I do like how the film tries to bend the legend into something human, something tangible, in some ways attempting to be a mythological variation on The Man Who Shot Liberty Valance showing how myth becomes truth and fiction can transform a man of a flesh and blood into an almost god-like legend. There is a wee bit of fun to be found in how Hercules’ fabled labors are reinterpreted. More than that, it’s interesting to see who their larger-than-life status affects the common soldier, the power and confidence they grant intriguing if not suitably palpable.
But all the same, I simply did not care about Hercules or his struggles, had little interest whether he and his ragtag team of fellow mercenaries would meet with success and thus save a kingdom from tyrannical rule. More, I couldn’t help but scratch my head at just how stupid he and his compatriots were acting, the truth behind the real evil pulling the behind-the-scenes string clear from the get-go. Throw in a third act appearance by a final duplicitous charlatan that comes out of nowhere and is as dumb as it is forgone and the whole thing is a head-scratching failure of the first degree. There’s nothing to get excited about and even less to be interested in, the only question for me being whether or not I’d manage to stay awake all the way until the end even though the film features a pleasantly brief 98-minute running time.
The plot? Hercules and his team (which includes Rufus Sewell, Ian McShane and Headhunters star Aksel Hennie) agree to train the army of the Thracian Lord Cotys (John Hurt) in his fight against the powerful Rhesus (Tobias Santelmann), his forces apparently laying waste to the surrounding lands with his eyes set on conquering the capital. During the campaign the warrior learns much about himself and what true heroism ultimately entails, everything building to feats of strengths and courage with the potential power to free a troubled land from the rule of a despotic blood-thirsty leader.
All of which could have been fine had it all not felt so rudimentary and way too familiar. There are training montages, rousing speeches and many instances of astonishing daring-do yet none of it gets the pulse racing in a way that’s even slightly noticeable. More than that, it all builds to a clunky, ham-fisted conclusion that feels ripped from a half-a-dozen other fantasy-adventures, not a single second standing out in a way that could be construed as even faintly memorable.
Johnson tries, as does the rest of the cast, and I can’t say there isn’t potential to be found in the seeds of the story that can be traced back to Moore’s apparently much-lauded comic book.

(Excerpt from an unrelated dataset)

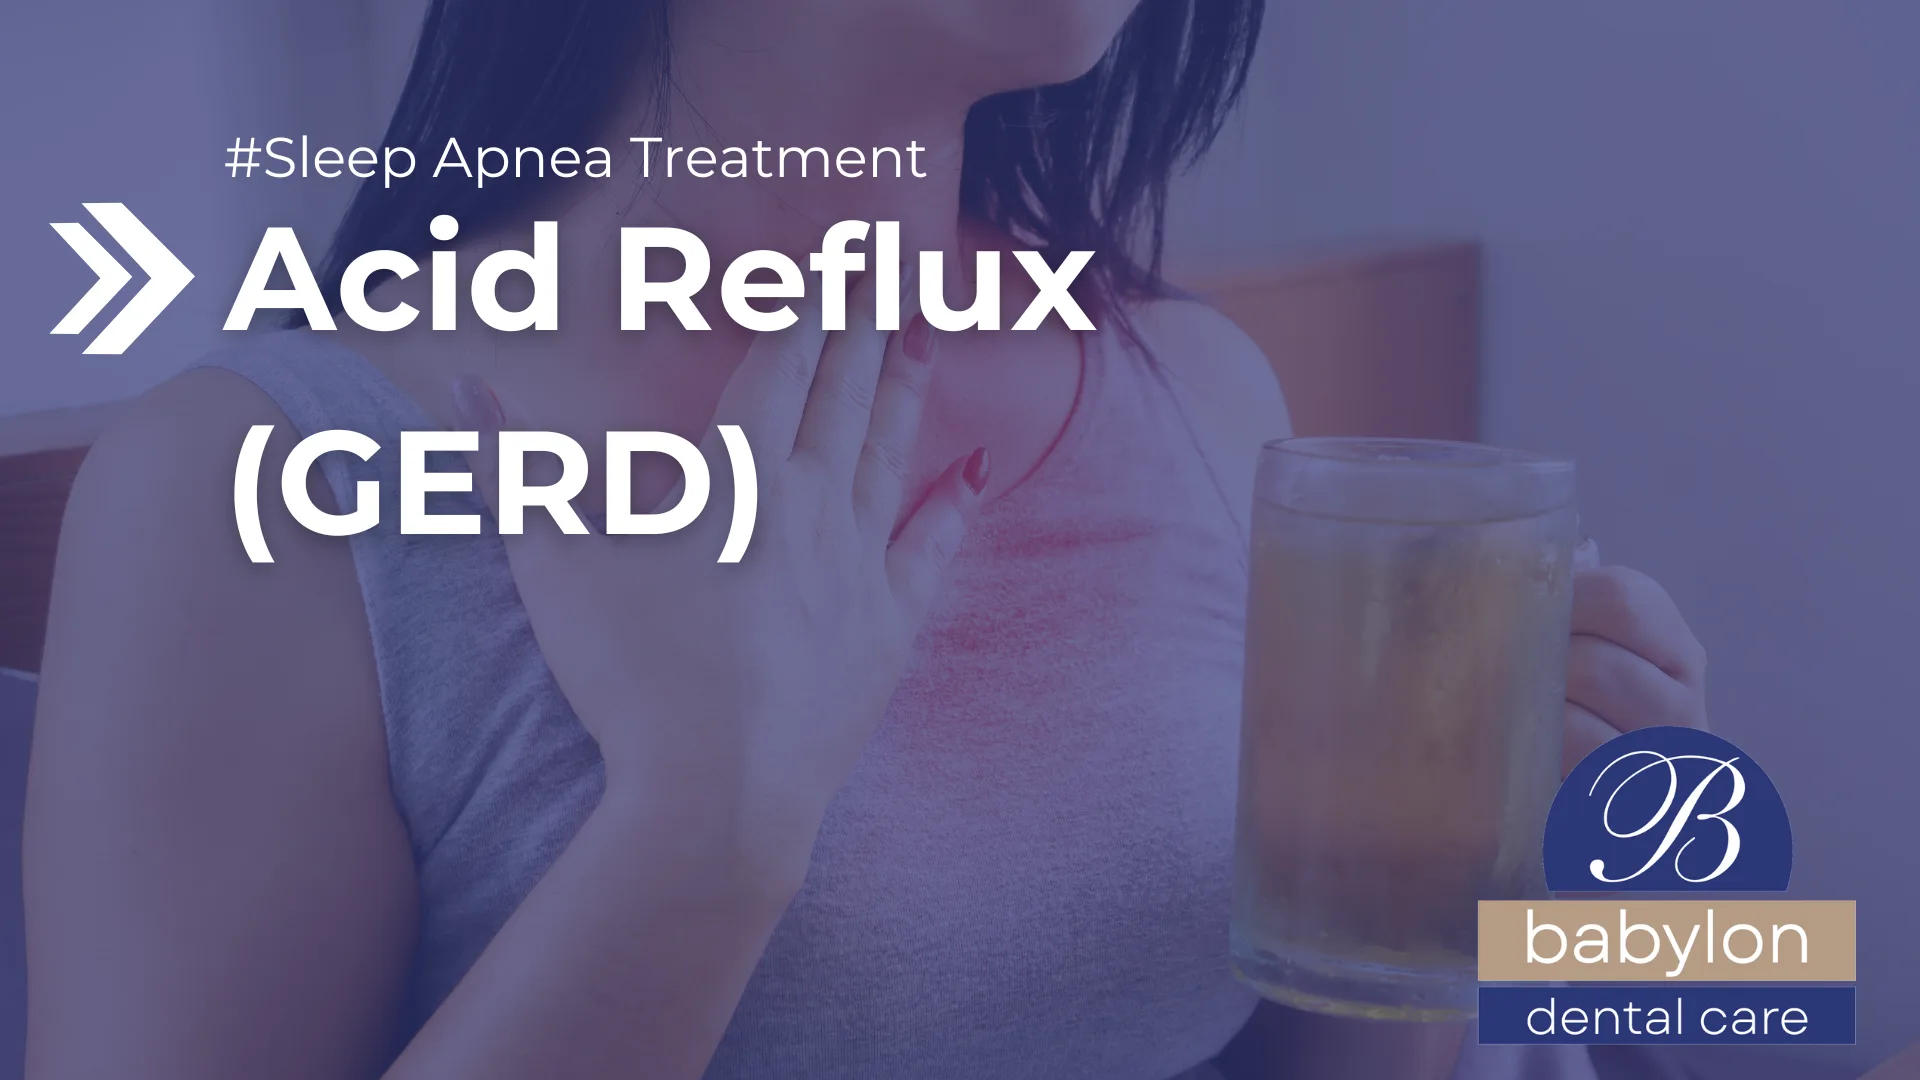 Acid Reflux (GERD) Image - new logo

But as good as Ratner is at staging sequences of massive action, and he’s quite good indeed, that doesn’t mean he’s ended up making a film I could give one whole heck of a lot about one way or another. Hercules isn’t the worst movie I’ve seen this year, it’s not even the worst one featuring this particular character, but that doesn’t make it any more worthwhile, and as such it’s doubtful I’m going to be thinking about it again anytime soon.